Thanksgiving FHE Ideas
Nov 15th, 2007 by Bethany
I'm thinking about practically free things we can do on Monday for Family Home Evening that have to do with Thanksgiving since that holiday is next week, though I can hardly believe it's so soon.
I wrote a seperate post here with a list of appropriate LDS music I could use and which are my favorite songs.
For lesson ideas, I looked at the lds.org FHE manual under the topic "gratitude." One of the lessons has you discuss Mosiah 2:19-24 and discuss ways to show gratitude to Heavenly Father and Jesus. The story of the Ten Lepers (Luke 17) is also a good one when you're discussing gratitude. You can find more great gratitude lesson ideas here: http://www.fastq.com/~jbpratt/lds/resources/gratitude.html and http://lds.families.com/blog/family-home-evening-thanksgiving. I think that since my kids are small and we are going to a friends' for Thanksgiving, I'll explain some Thanksgiving dinner expectations and talk about how I'd like them to act while we're at someone else's house.

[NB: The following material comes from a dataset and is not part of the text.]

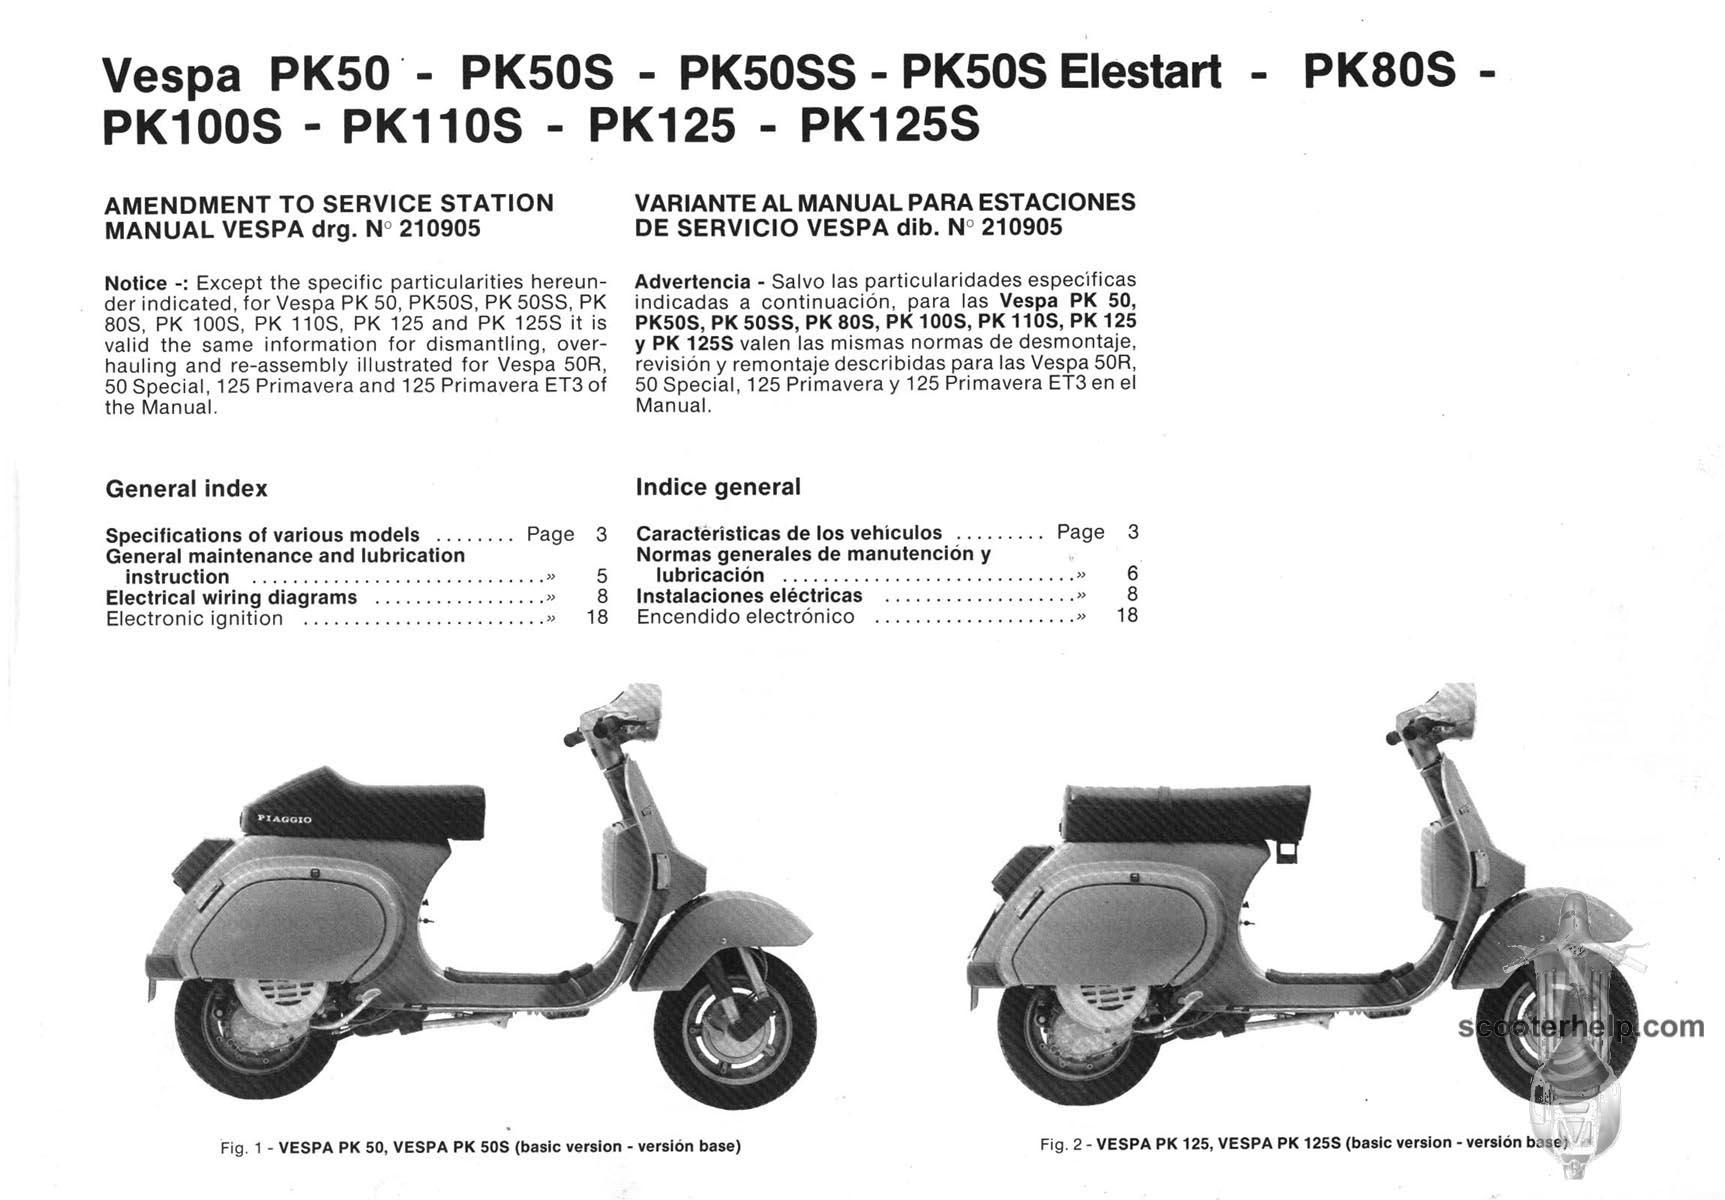 Vespa Manual Pdf Complete Wiring Diagrams Gts 300 Super Diagram Pk Factory Repair Rh Scooterhelp Com Et4 125 Gtv 250

As for games and activities, I found this page on about.com that has some Thanksgiving game ideas: http://www.amazingmoms.com/htm/thanksgiving_games.htm. I'd like to focus on giving thanks and being grateful, so there was one game in the list that stood out. Here are the directions:
"Thankerchief"
Arrange the children/players in a circle. Pass around a "thankerchief" (handkerchief) around as everyone recites this poem:Thankerchief, thankerchief, around you go –
Where you'll stop, nobody knows.
But when you do, someone must say,
What they are thankful for this day.The player holding the "thankerchief" when the poem ends, must
say aloud, one thing for which they are thankful. This continues until
everyone has had a turn.
On second thought, really little kids like mine may not be able to think of things they're thankful for and say them aloud. So, maybe a game of Duck, Duck, Goose (or Duck, Duck, Turkey?) would be a better way to get them involved.
Some other activities I found on theholidayzone.com that I liked were:
- A Thanksgiving Collage: cut out pictures of things you're thankful for from magazines and paste them on a poster
- Chain of Gratitude: write things you're thankful for on small strips of paper and loop them together with staples or tape to make a chain
- Thankful Tree: make a trunk out of brown paper, then write what you're thankful for on "leaves" (construction paper traces of your hand or leaves, or real leaves might work if you use a marker), then paste them on the trunk
- Thanksgiving Certificates: think of people you are thankful for and make award certificates or write thank you notes with things you're grateful for about them (you could send cute Thanksgiving e-cards from this site, but watch out because there are ads all over it)
For medium sized kids who are into jokes, here's a site with some very silly, but completely clean Thanksgiving riddles. And if your kids are old enough to not eat the crayons, here's a site I like that has good, free Thanksgiving coloring pages to print. Some of them are called "Bingo dauber pages," and if you wanted to I think you could make a game out of it by letting the kids color in or put a sticker on one empty dauber spot for each thing they say they're thankful for (or something like that).
If you want an extended activity, watching the movie Pollyanna and then playing "The Glad Game" could be really fun.
For dessert, I think I'll do something like this relatively healthy pumpkin bread, only maybe in cupcake form so it doesn't take so long to cook and to help with portion control.